When it comes to the book-publishing industry, the furnishings of the COVID-19 pandemic have been far-reaching — and, honestly, something of a mixed handbag. For one, folks are spending more time at home, then whether they need to learn a new skill, deepen their knowledge or escape to a virus-free world for a few hours, books are a welcome solution.

In fact, the Los Angeles Times establish that Bookshop.org, an online retailer that aims to support independent bookstores in response to Amazon'south growing influence, saw a 400% increase in sales since the shutdown in March, and, to date, has raised over $nine.56 million for indie sellers. However, an increase in need for print books has put some strain on the production of those books, which means a rise in ebook and audiobook sales and subscription sign-ups for services like Libro.fm and Audible. And while it'due south great that folks are getting their reading materials somewhere, the ascension in ebook sales, specifically, ways less acquirement for authors, publishers and brick-and-mortar bookstores.

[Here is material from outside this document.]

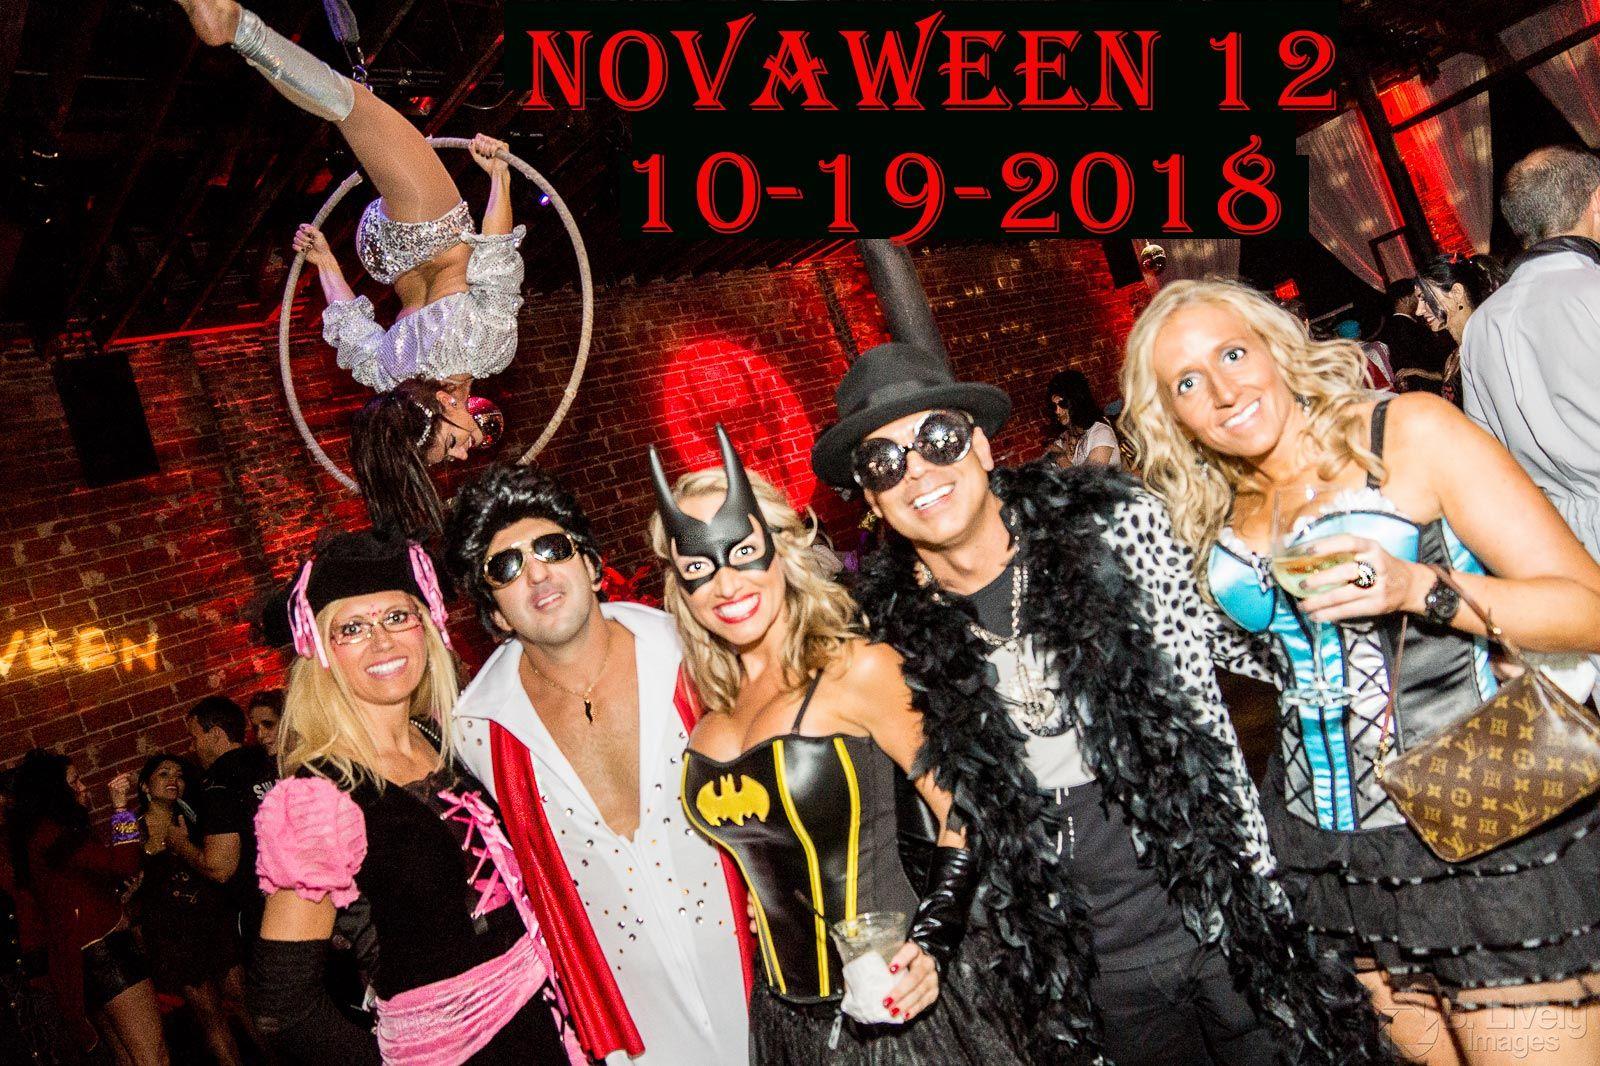 2018 10-19 Friday is Novaween 12 at Historic downtown St. Pete venue NOVA 535

All of this to say, it's been a twelvemonth of ups and downs — only, on the bodily book-release side, information technology's been a lot of ups. While nosotros can't clasp in all of our favorites from 2020 here, we have rounded up a stellar sampling of must-reads.

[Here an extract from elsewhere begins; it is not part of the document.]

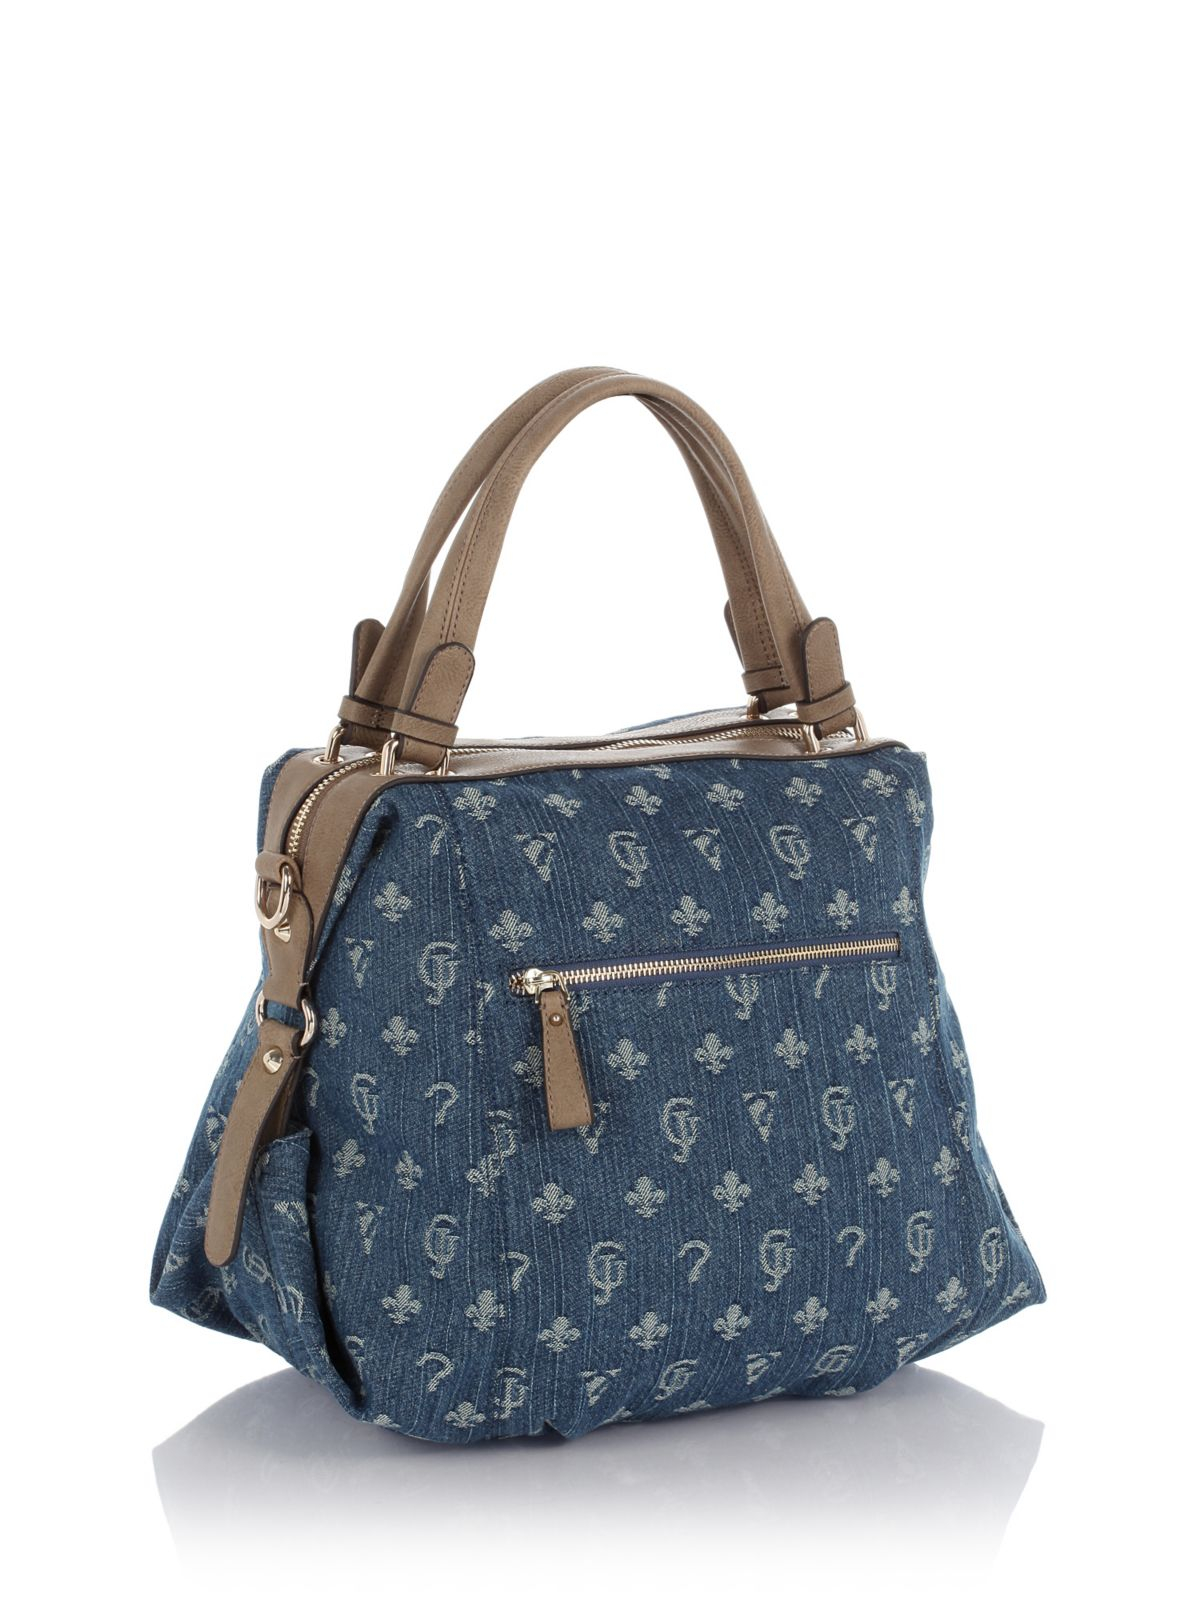 Guess Wild At Heart Lulu Denim Satchel Bag in Blue | Lyst

You Should Encounter Me in a Crown past Leah Johnson

Debut author Leah Johnson has written an incredible kickoff novel — one that the publisher describes as "a smart, hilarious, Black girl magic, own voices rom-com by a staggeringly talented new writer." Chances are, if you lot haven't read Yous Should See Me in a Crown, you've at least seen other people reading this bonafide hit (and soonhoped-for archetype).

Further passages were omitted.